### YOUR INSTRUCTIONS
An exact transcription is needed, beginning at the line with "Toronto -vs- Everybody Kids T-Shirt - White" and ending at the last line of the listing, with pictures left out and nothing else added.

### GIVEN MATERIAL
┌──

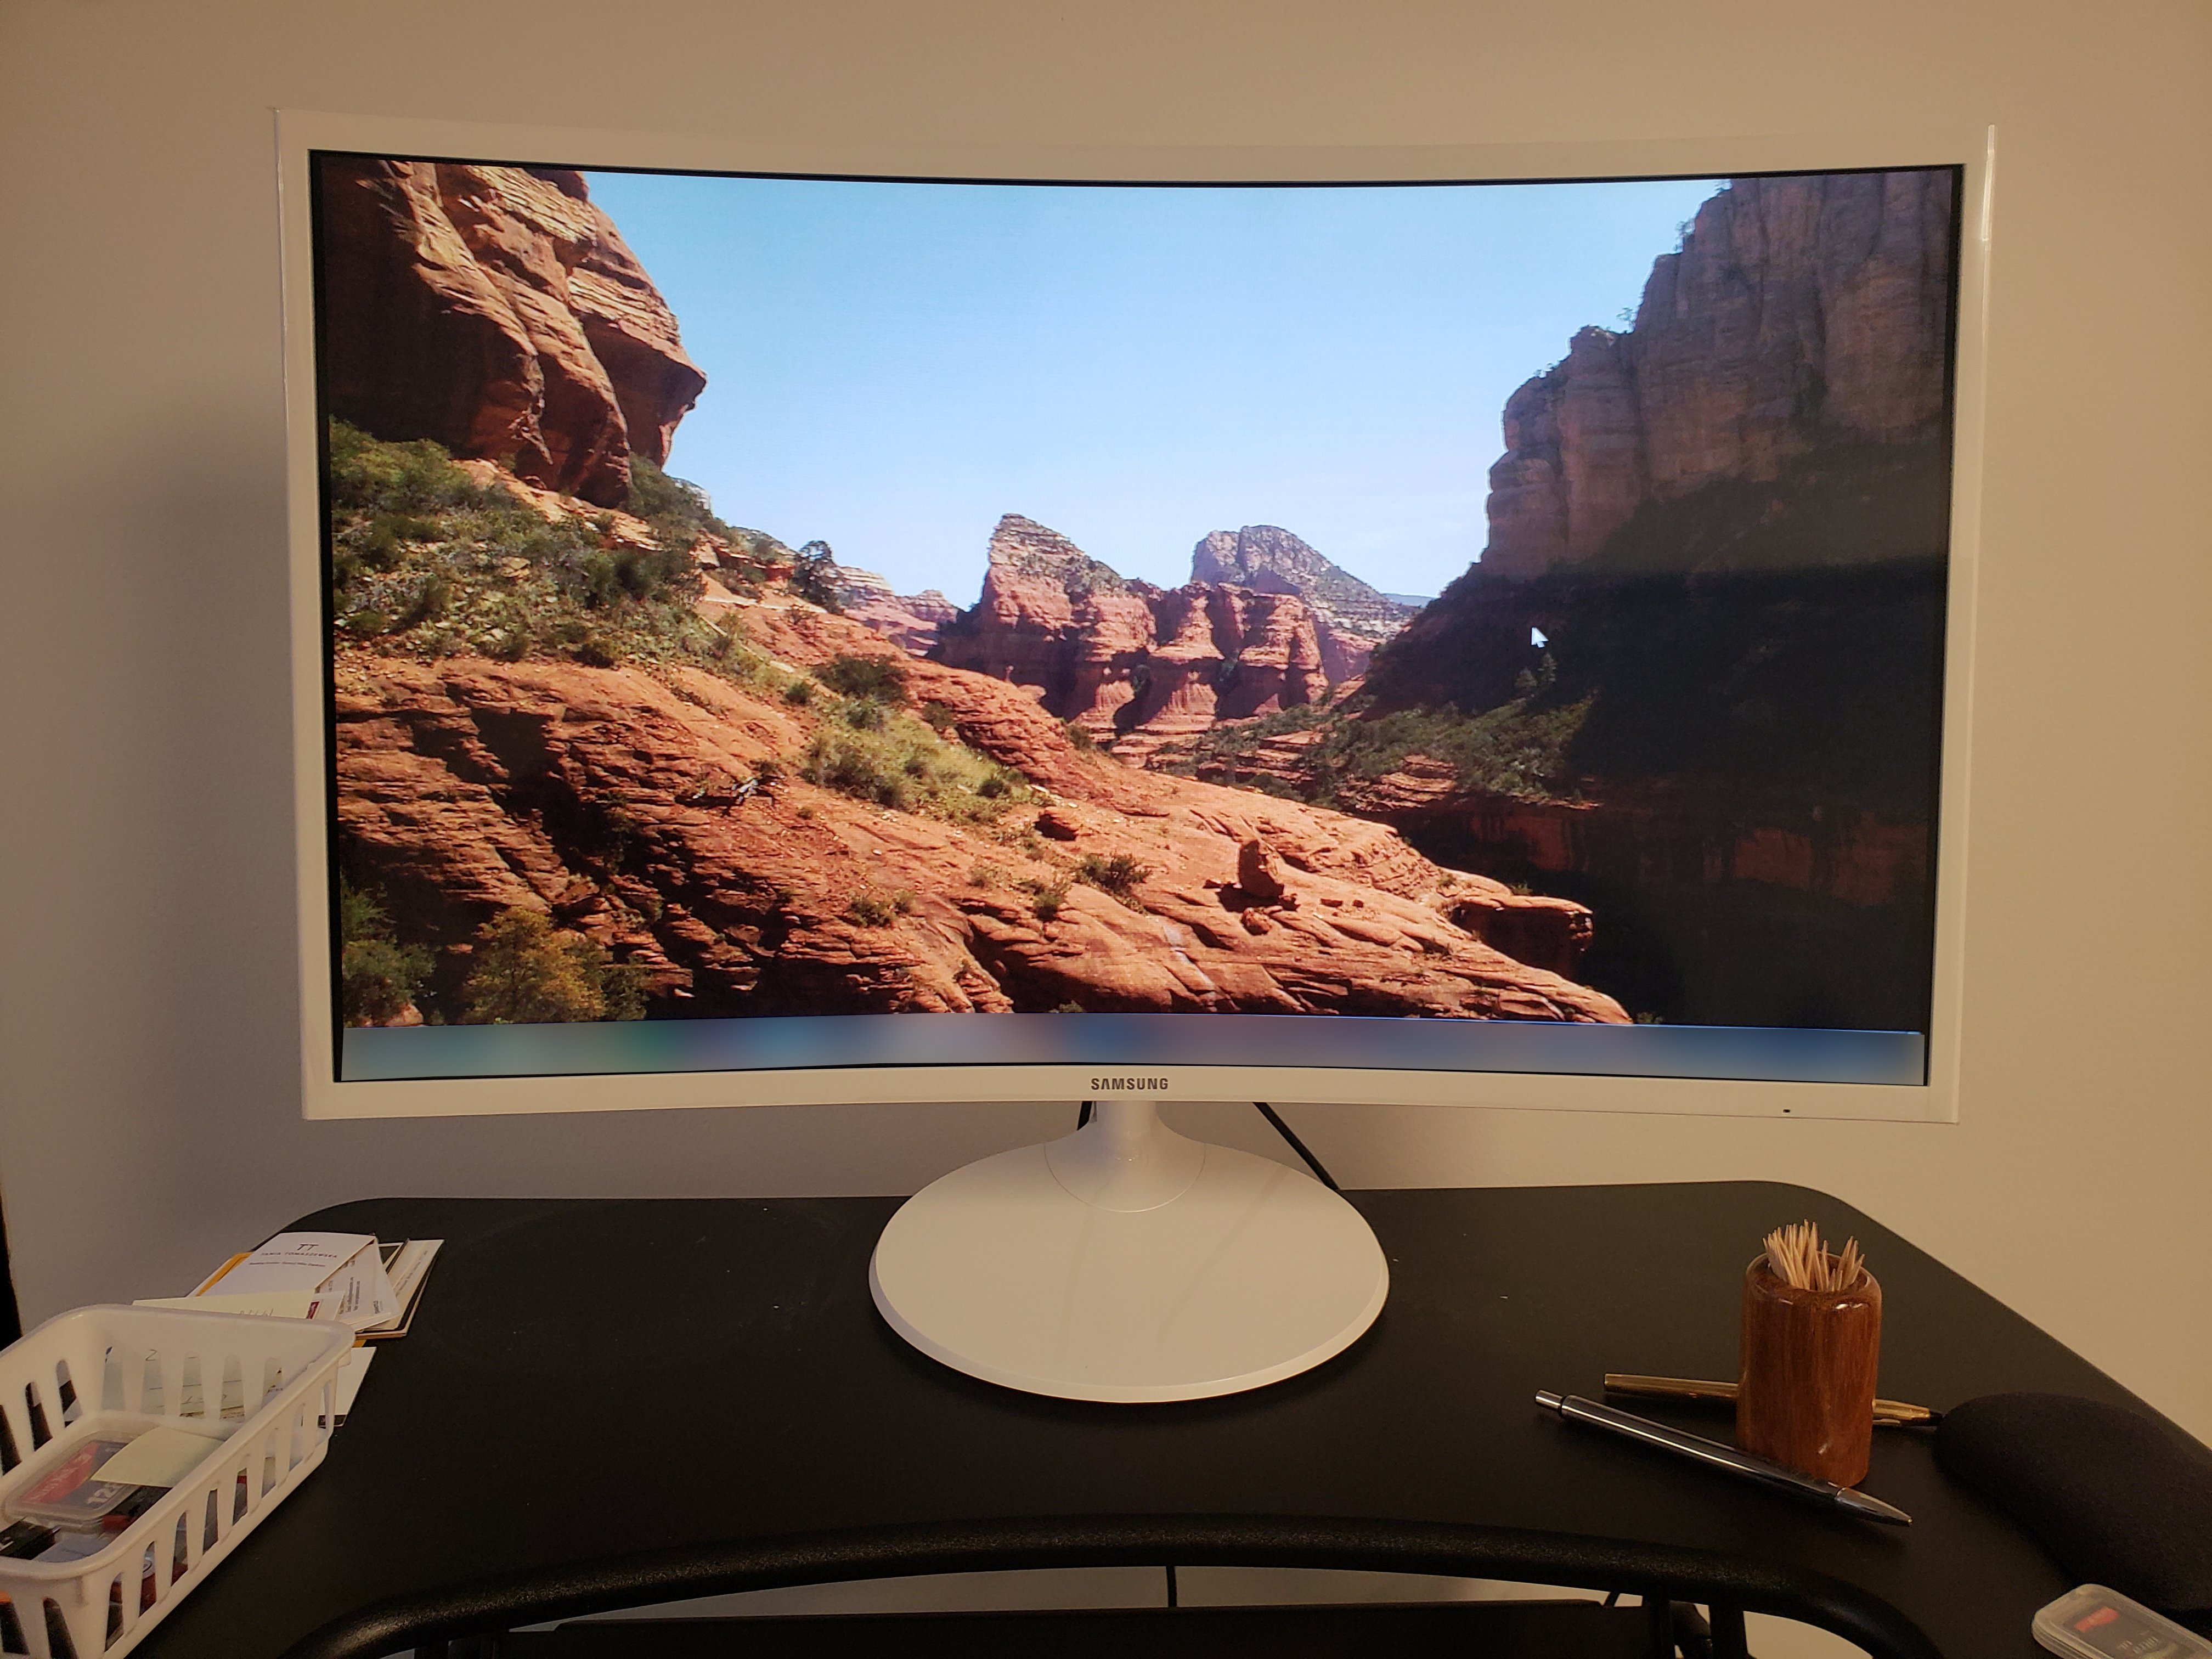 brand new curved monitor setup
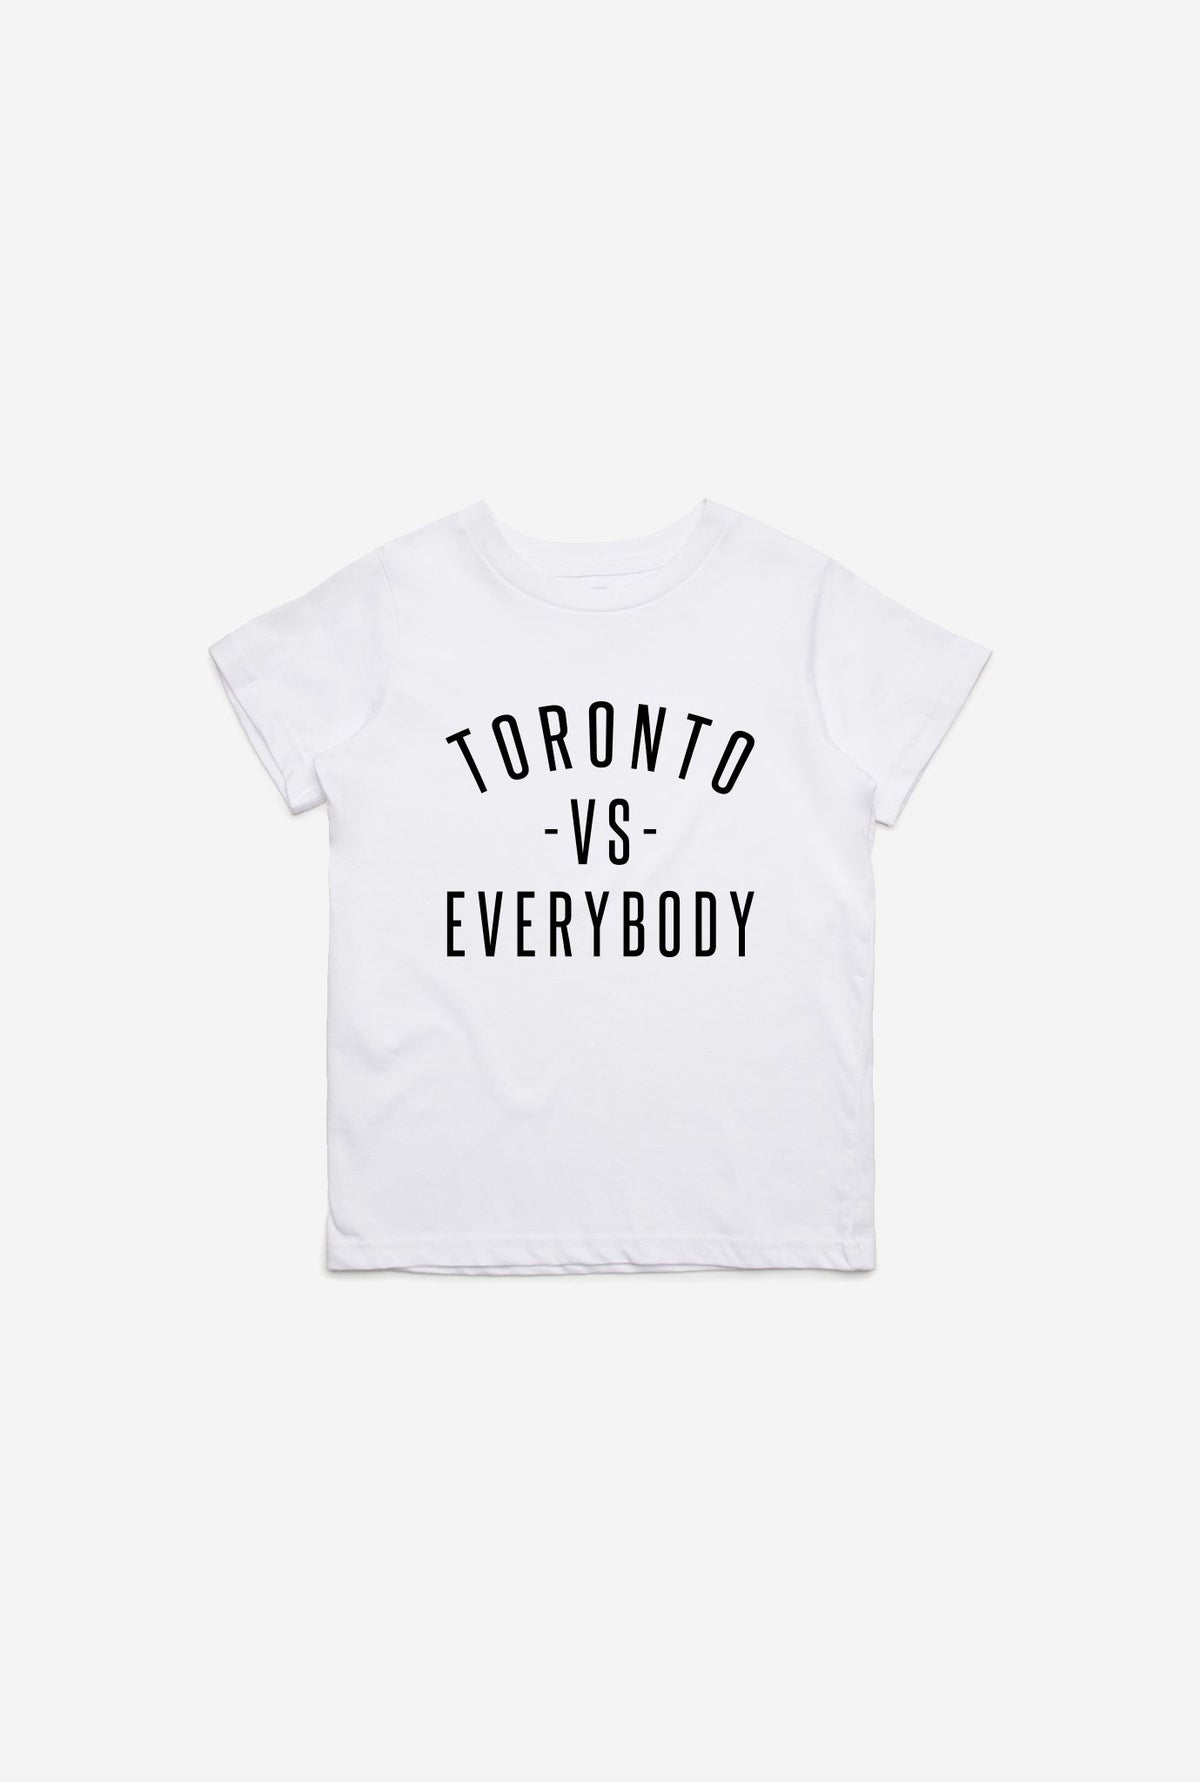 Toronto -vs- Everybody Kids T-Shirt - White
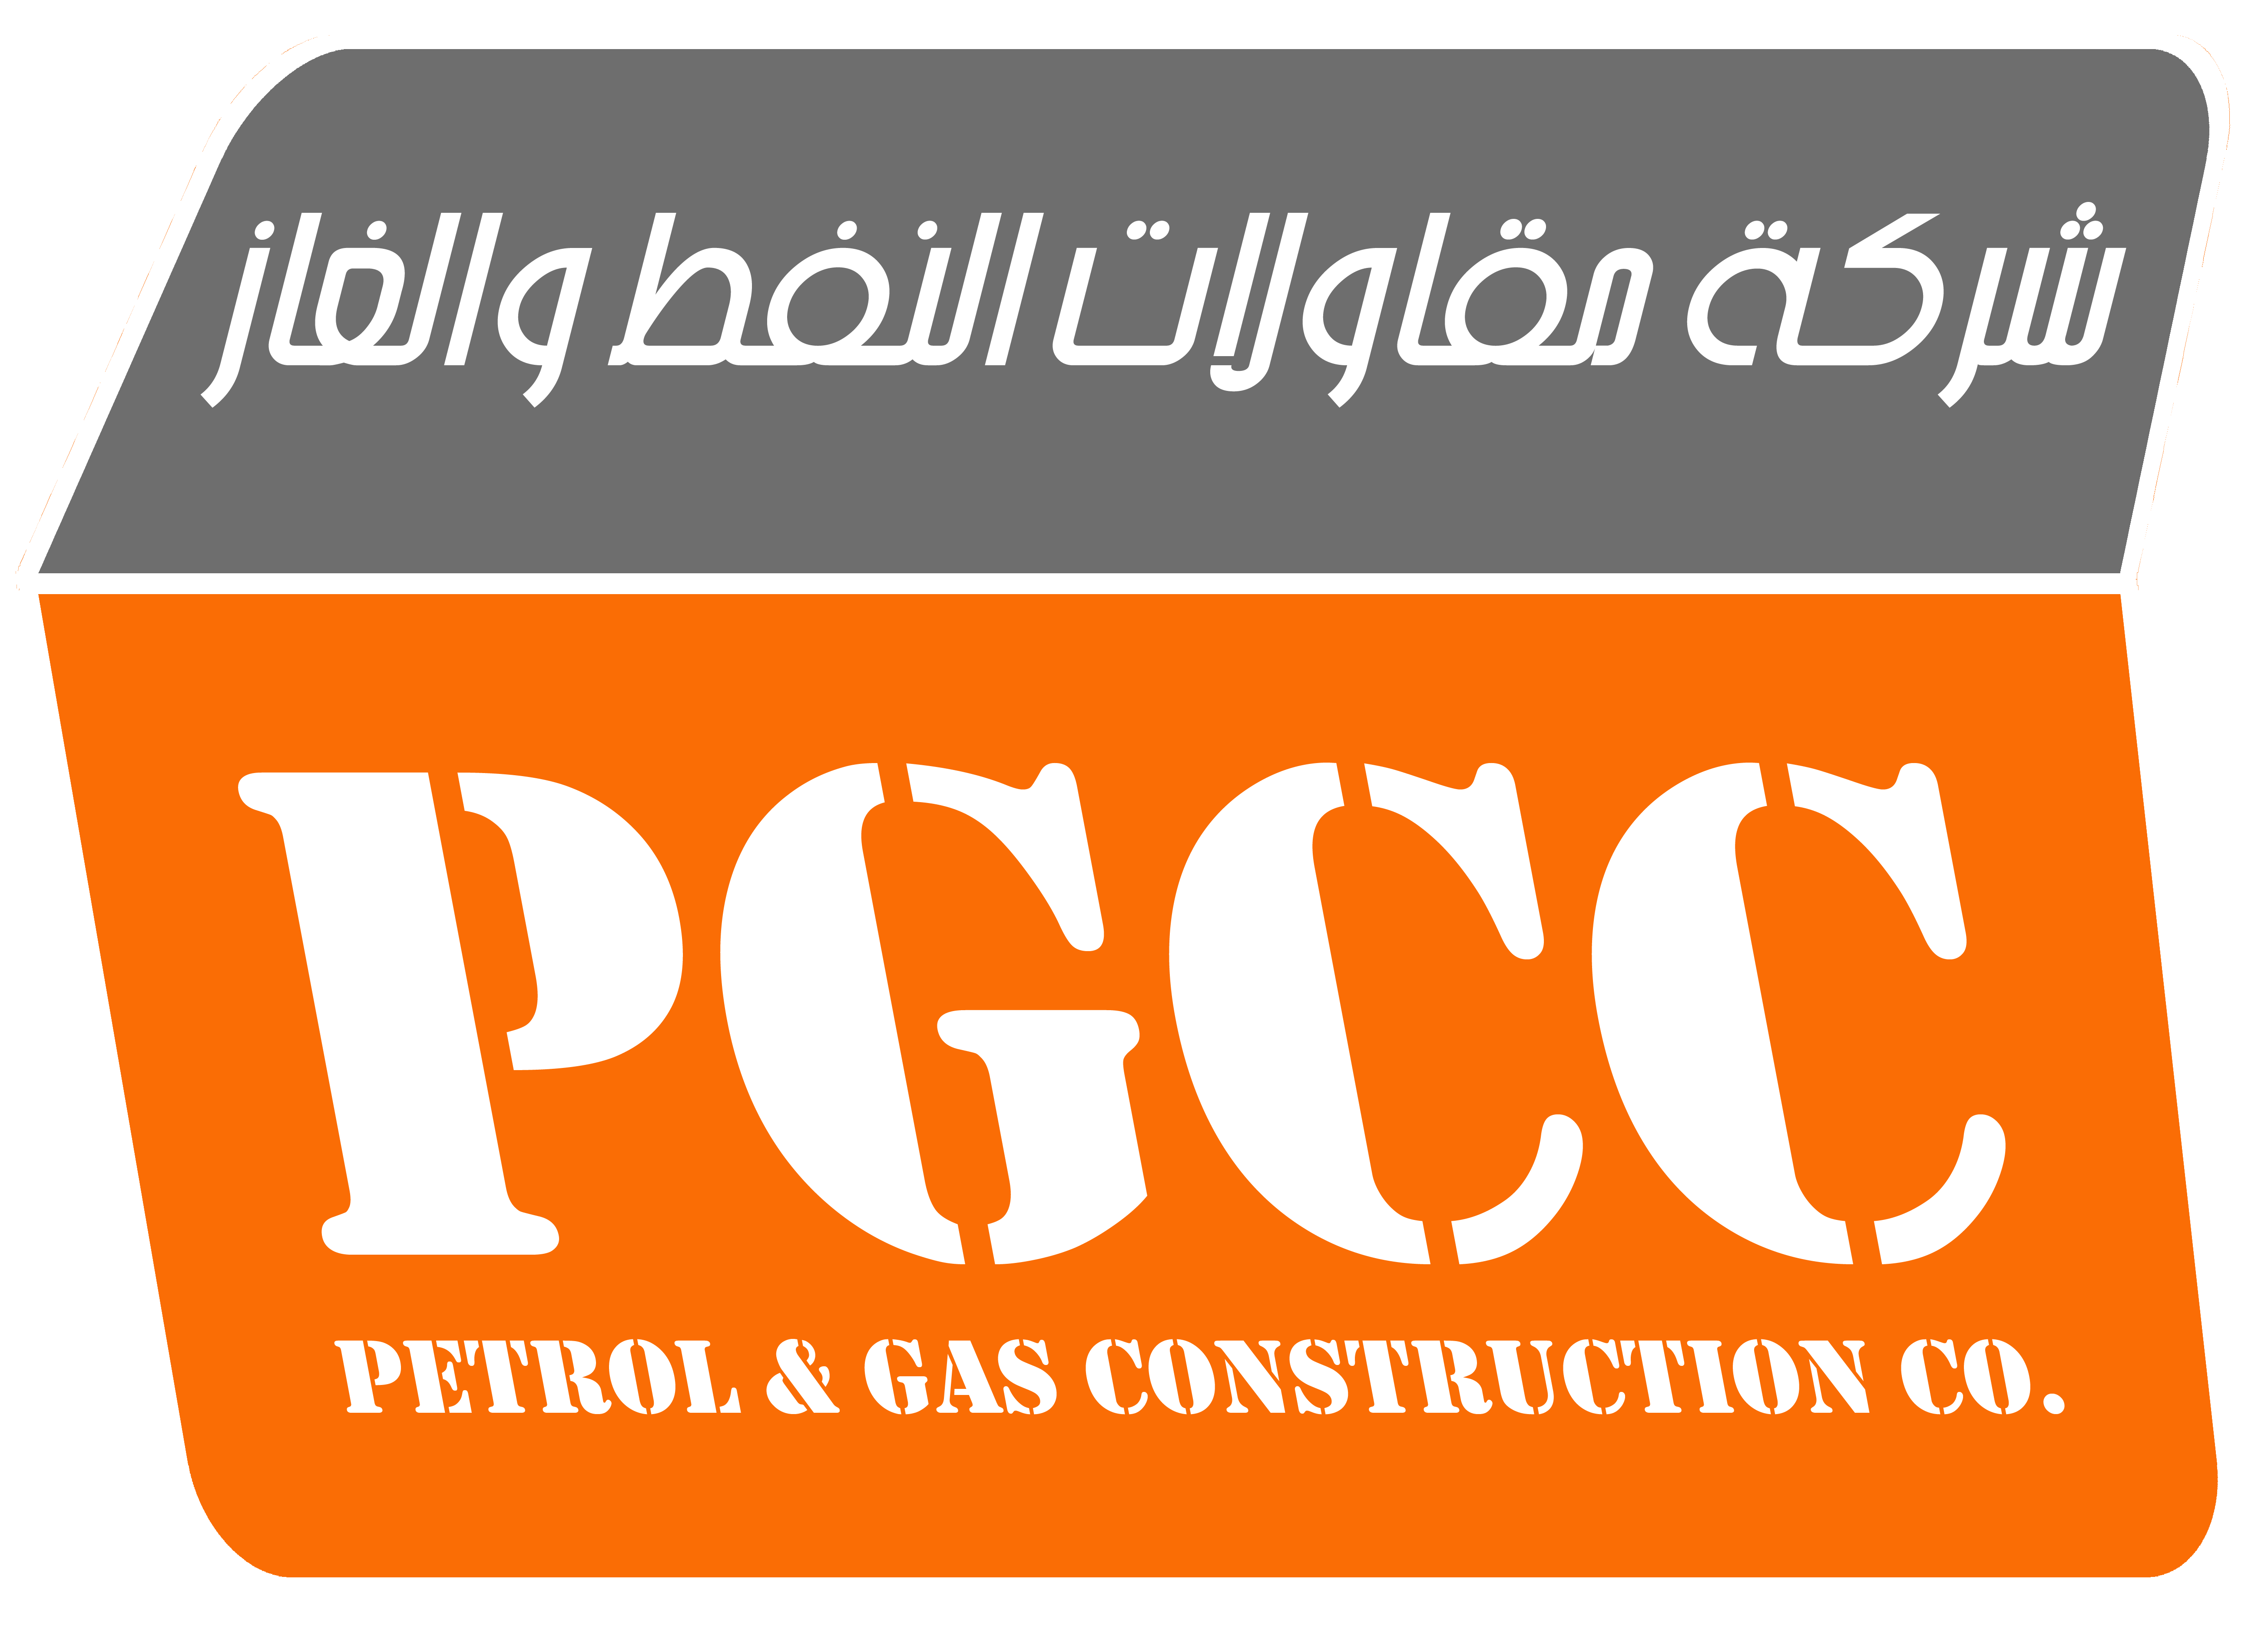 Petrol & Gas Construction Co.

└──

### EXERCISE ANSWER
 Toronto -vs- Everybody Kids T-Shirt - White
 Petrol & Gas Construction Co.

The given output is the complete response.